En réponse à Mme Girardin, je répète qu'il faut comparer ce qui est comparable, et que nous avons fait le choix d'une relance par l'investissement. J'ajoute que nous devons prêter la plus grande attention à notre niveau de déficit et d'endettement : les déficits atteindront en 2009 100 milliards d'euros, ce qui nous placera très vite face à la question de savoir comment absorber la dette qui en résultera. Je pense que nous parviendrons à nous en sortir grâce à l'innovation, mais il faudra également veiller à préserver notre crédibilité en matière de finances publiques vis-à-vis de nos partenaires allemands. C'est une exigence à laquelle nous devrons satisfaire si nous voulons obtenir des avancées sur certains sujets faisant encore l'objet de réticences en Allemagne, notamment la coordination économique.

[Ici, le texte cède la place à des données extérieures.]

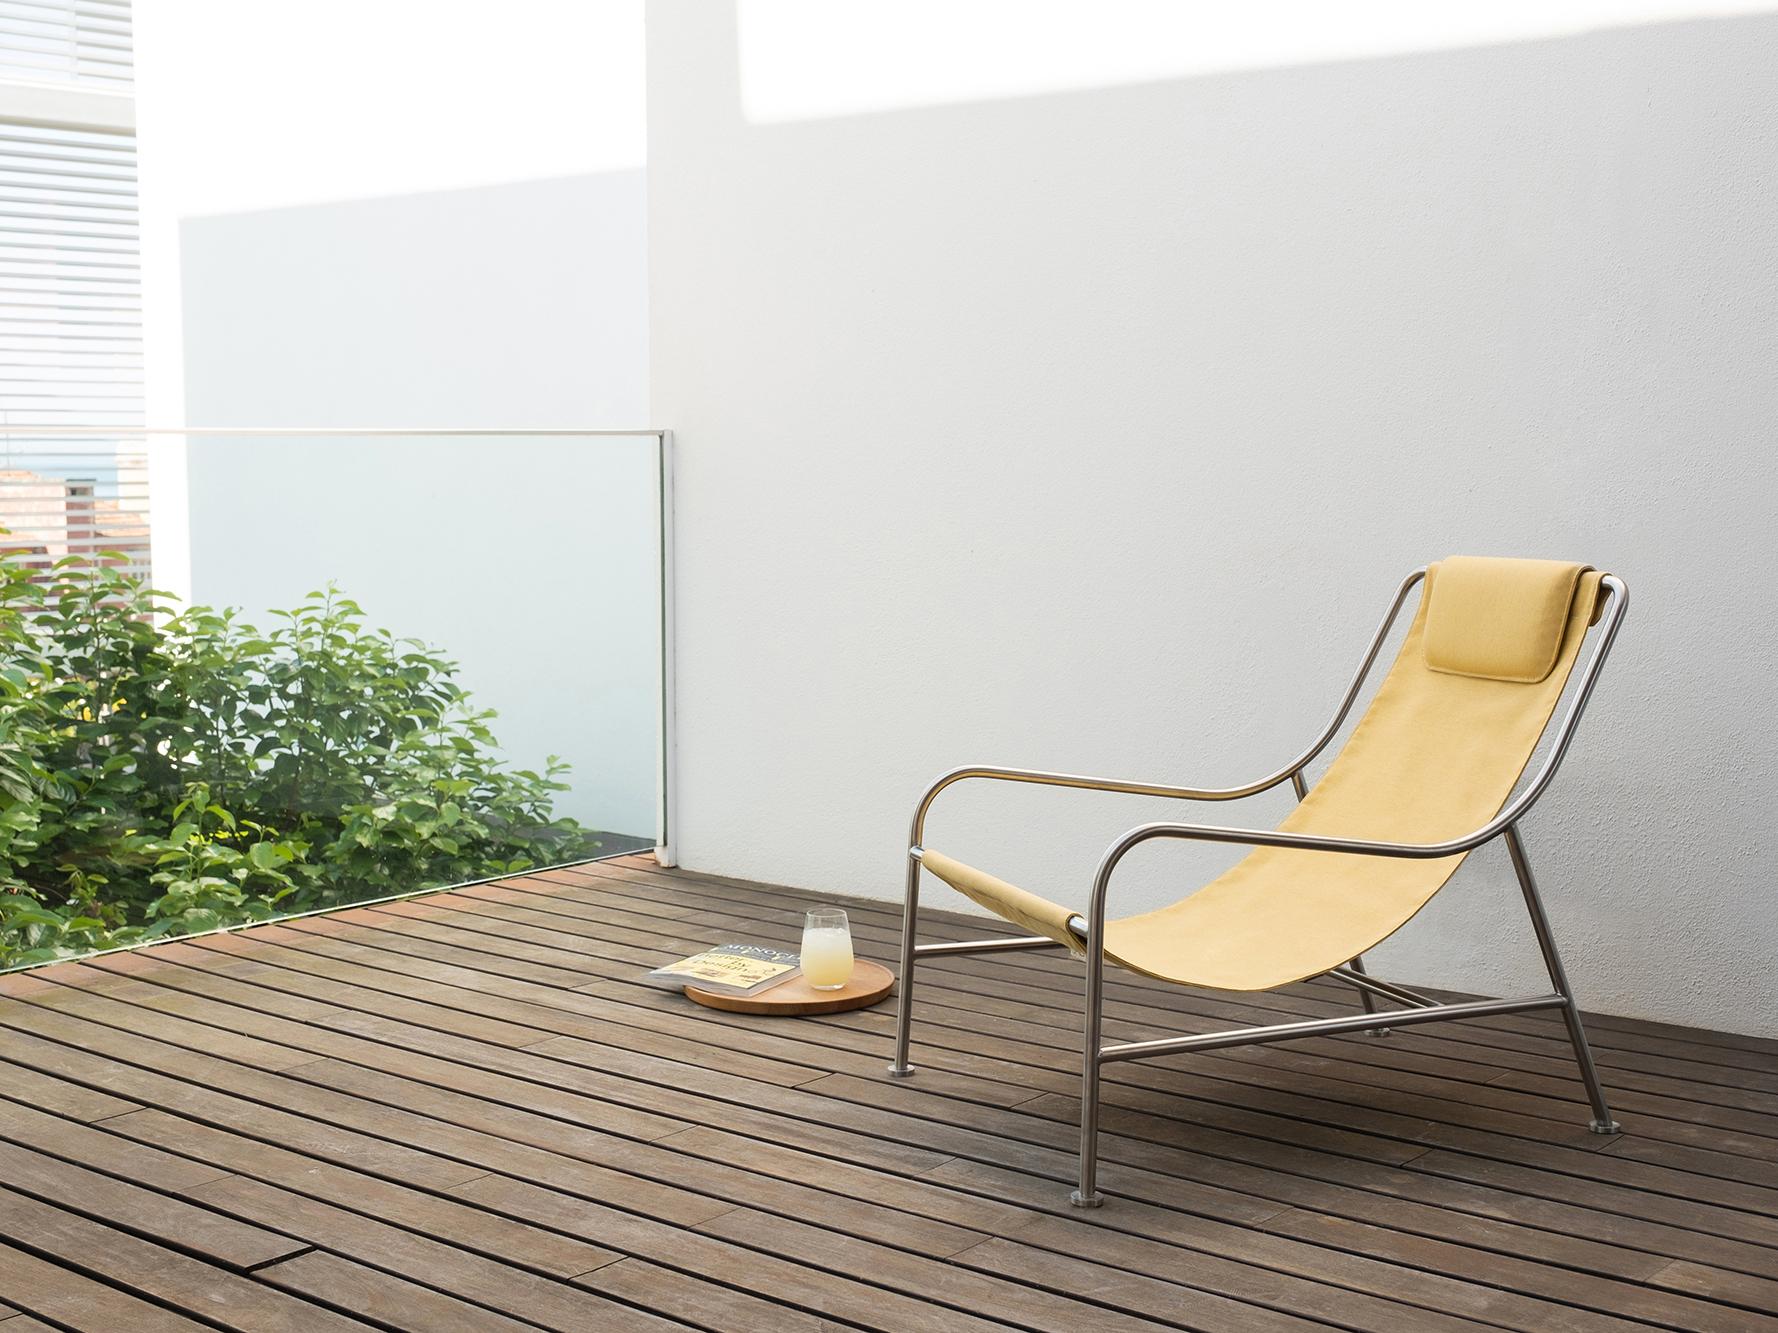 Minimalist Outdoor Lounge Chair in

Enfin, la réunion du G20 le 2 avril sera effectivement une échéance majeure, en vue de laquelle nous aurons besoin d'une position commune au plan européen. En matière financière plus qu'ailleurs encore, le diable réside dans les détails. C'est pourquoi nous ne nous contenterons pas de simples déclarations de principe : nous voulons des décisions concrètes en ce qui concerne les hedge funds, les paradis fiscaux et la supervision bancaire. Faute de quoi, nos concitoyens nous reprocheront de ne pas avoir tiré les leçons de la crise financière sans précédent que nous traversons. Produire du vent ne suffira pas. Pour ma part, j'ai bon espoir que l'Europe arrive en ordre uni au G20 même si nous devrons attendre que le dialogue interinstitutionnel soit parvenu à son terme aux Etats-Unis avant de connaître la position américaine.